In this section, I will clean the data of two files: `installments_payments.csv` and `credit_card_balance.csv`. After that, with the knowledge and insights gained from the Exploratory Data Analysis, I will come up with a good set of features using Feature Engineering. 

# Preliminaries

## 1. Loading Libraries

In [1]:
import pandas as pd
import numpy as np
from scipy.stats import uniform

import matplotlib.pyplot as plt
import seaborn as sns
from datetime import datetime

import warnings
warnings.filterwarnings('ignore')

pd.set_option('display.max_columns', 50)
pd.set_option('display.max_rows', 50)

from sklearn.impute import SimpleImputer

## 2. Loading Data

In [2]:
installments_payments = pd.read_csv(".\\Data\\final_project_DP_dataset\\installments_payments.csv")
cc_balance = pd.read_csv(".\\Data\\final_project_DP_dataset\\credit_card_balance.csv")
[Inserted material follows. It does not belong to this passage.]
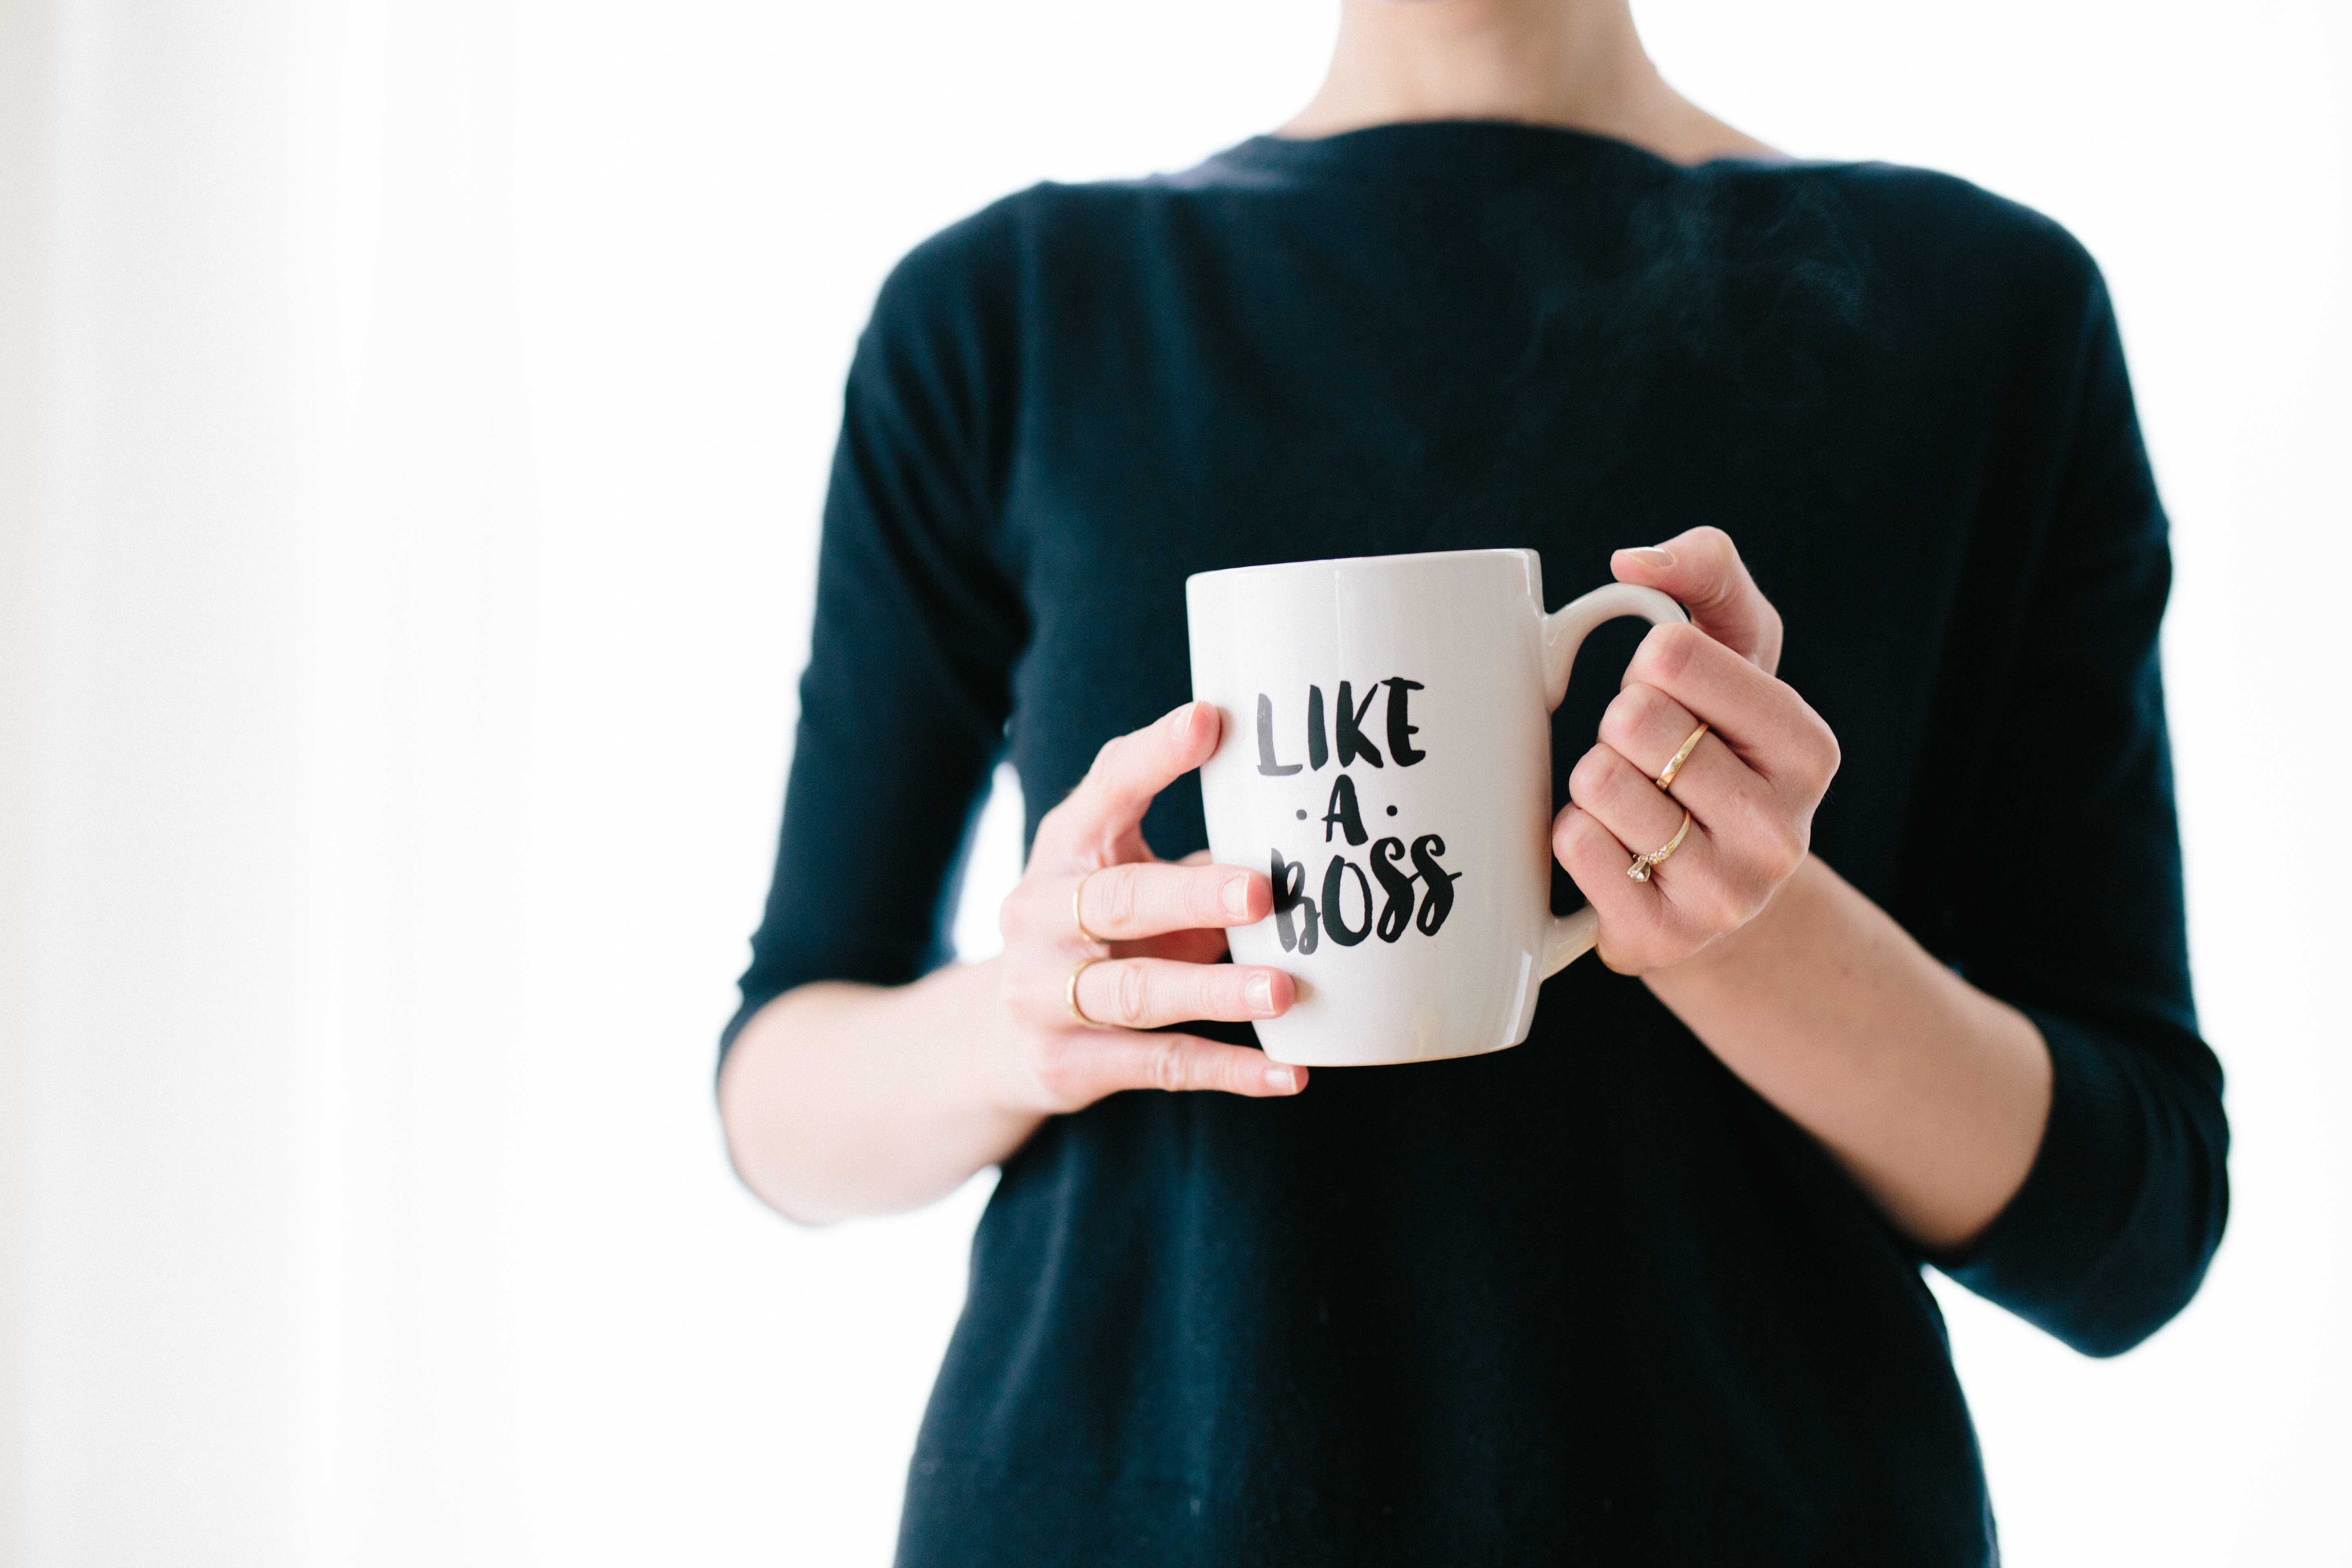 Woman wearing black top and holding a coffee mug that reads “Like a Boss.” Image by Brooke Lark, via Unsplash.com.

# Data Cleaning and Feature Engineering

## 1. `installments_payments.csv`

In [3]:
def installments_payments_preprocessing(installments_payments):
    # Drop the row with NaN value in SK_ID_CURR
    installments_payments = installments_payments.drop(installments_payments[installments_payments['SK_ID_CURR'].isna()].index)

    # Replace the NaN values in AMT_INSTALMENT and DAYS_ENTRY_PAYMENT with 0
    installments_payments[['AMT_INSTALMENT', 'DAYS_ENTRY_PAYMENT']] = installments_payments[['AMT_INSTALMENT', 'DAYS_ENTRY_PAYMENT']].fillna(value = 0)

    # Handling outliers of NUM_INSTALMENT_VERSION column 
    installments_payments = installments_payments[~installments_payments['NUM_INSTALMENT_VERSION'].isin([68, 178, 52, 48, 47, 49, 50])]

    return installments_payments

In [4]:
def compute_ema(df, column, alpha=0.5):
    return df[column].ewm(alpha=alpha).mean()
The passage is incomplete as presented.